Alex sonrió con ternura.
— Te escucho, campeón.
— Mi tía Natasha dice que mi tío Max está de viaje por trabajo… y mi mamá tampoco está —explicó muy serio—. ¡Es obvio que están viajando juntos! Los adultos creen que los niños no nos damos cuenta de nada, pero los niños somos más listos.
Alex respiró hondo, aliviado de que la imaginación infantil hubiera creado una explicación mucho más amable que la realidad.
— Tengo un hijo muy inteligente —le dijo acariciándole el cabello—. Y tienes razón, no deberíamos ocultarles información… ¿De qué sabor quieres tu helado?
Al verlo sonreír, Alex sintió que la culpa y la angustia se aliviaban por un momento. Al menos, Emmanuel estaba tranquilo… y no tenía por qué cargar con el oscuro peligro que rodeaba a su madre.
Nathalya suplicaba a Ángel que la dejara salir, prometiendo obedecerlo y portarse bien en todo momento, pero él no aceptaba ningún tipo de trato. La única negociación que le interesaba era aquella que le permitiera conseguir lo que tanto deseaba.
Todas las personas que la rodeaban le eran leales, así que cualquier intento de persuasión por parte de Nathalya terminaba por fallar. Era una tortura constante no saber nada de su familia: no saber si Emmanuel estaba bien, si Alex lo cuidaba, si su papá la estaba buscando, o si Ángel había atentado contra cualquiera de ellos.
Esas preguntas la atormentaban día y noche, pero aun así intentaba mantener la esperanza, obligándose a enfocarse en encontrar una manera de escapar. Sabía que no sería fácil; había vigilancia por todos lados, no conocía el lugar y Ángel se había vuelto imposible de tratar.
Cada vez la miraba con más odio, con ese aire de superioridad que tantas veces le demostró su desprecio. Un desprecio que no era otra cosa más que el reflejo de su frustración por no haberse salido con la suya. Lo que comenzó como un simple capricho, ahora se había convertido en una amenaza mortal para Nathalya. Y cada día que pasaba, el reloj corría más rápido en su contra.
Nathalya seguía negándose a comer. En su desesperación por satisfacer su obsesión, Ángel intentaba llegar a un acuerdo, uno que sólo lo beneficiaba a él.
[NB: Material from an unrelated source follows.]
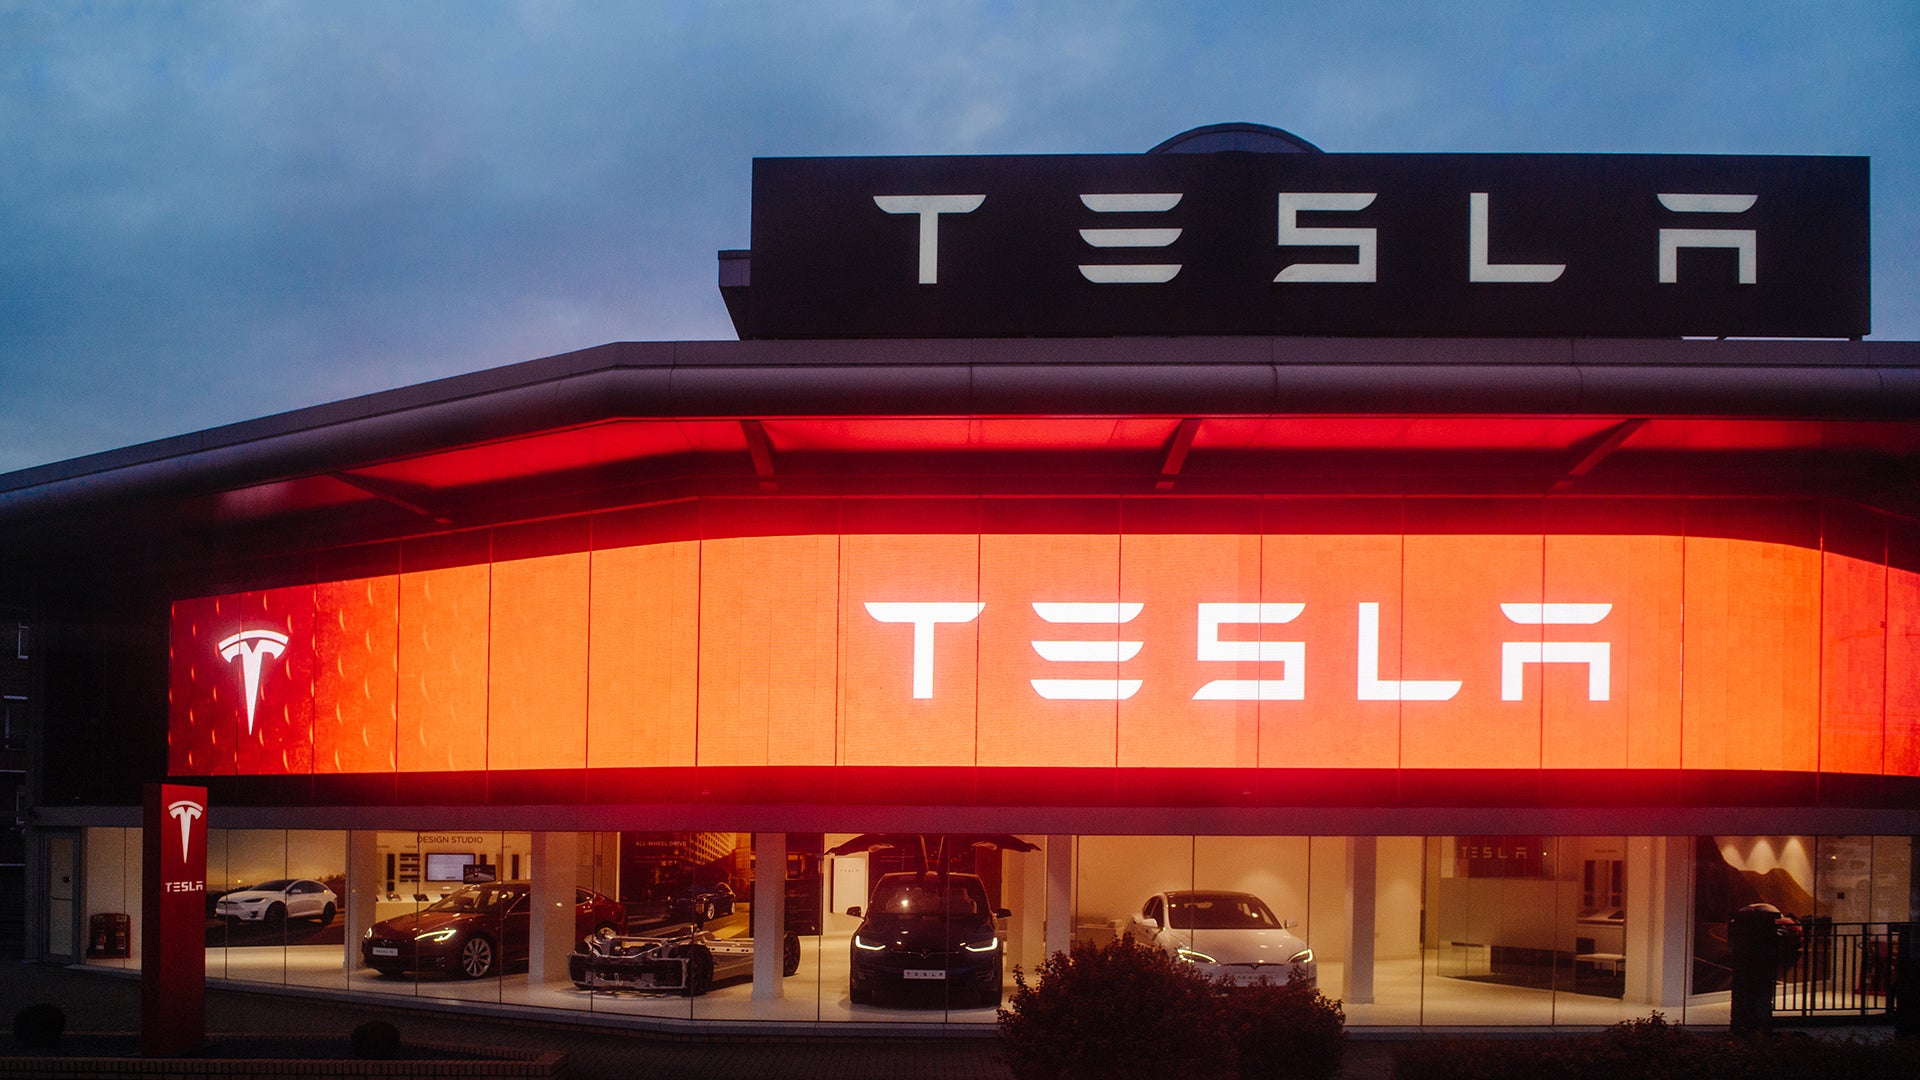 Nearly $190M of Tesla’s Q3 Profit Was Earned by Selling Regulatory Credits, Not Sales Revenue

Aunque ahora la despreciaba, no podía permitir que muriera antes de cumplir su propósito.
—Me dijeron mis sirvientes que no estás comiendo. ¿Crees que voy a dejar que te mueras? —preguntó con ese tono frío que tanto la intimidaba.
—Deberías. Nunca seré tu mujer —respondió ella, firme.
—Lo admito, durante días pensé que eso era lo que quería de ti —dijo él, paseándose frente a ella—. Pero después lo analicé… y cambié de opinión. Empezamos con el pie izquierdo, lo reconozco. Así que me dije: voy a darle la oportunidad de demostrarme su lealtad. Porque la lealtad, Nathalya… es un valor escaso, y quien la tiene, obtiene grandes beneficios.
Por eso puedo permitirte salir una vez al día, sólo al patio trasero.
—¿Ese es tu plan para obligarme a comer? —preguntó ella con sarcasmo, aunque en su mente ya calculaba lo valioso que sería observar el terreno—. ¿Cuáles son las condiciones?
—Alguien deberá acompañarte —respondió Ángel, acercándose peligrosamente—. Y cualquier mínimo intento de escapar te convertirá en prisionera absoluta otra vez.
Cuando digo “mínimo”, hablo de buscar una salida, intentar persuadir a alguien, hacer algo contra mí o mis deseos. Si descubro algo… esta vez ni siquiera volverás a ver la luz del sol.
Nathalya tragó saliva, manteniendo la mirada firme.
—Supongo que no tengo alternativa más que aceptar. ¿Quién me acompañará?
—Yo —dijo él, inflando el pecho—. Siéntete afortunada de que sea mi presencia la que te escolte.
—Bien —respondió ella, con una calma que no sentía.
Desde el día siguiente, Nathalya comenzó a salir cada mañana al patio. Siempre a la misma hora, siempre acompañada de Ángel, quien la observaba con detenimiento, estudiando cada gesto, convencido de que podía leer sus pensamientos.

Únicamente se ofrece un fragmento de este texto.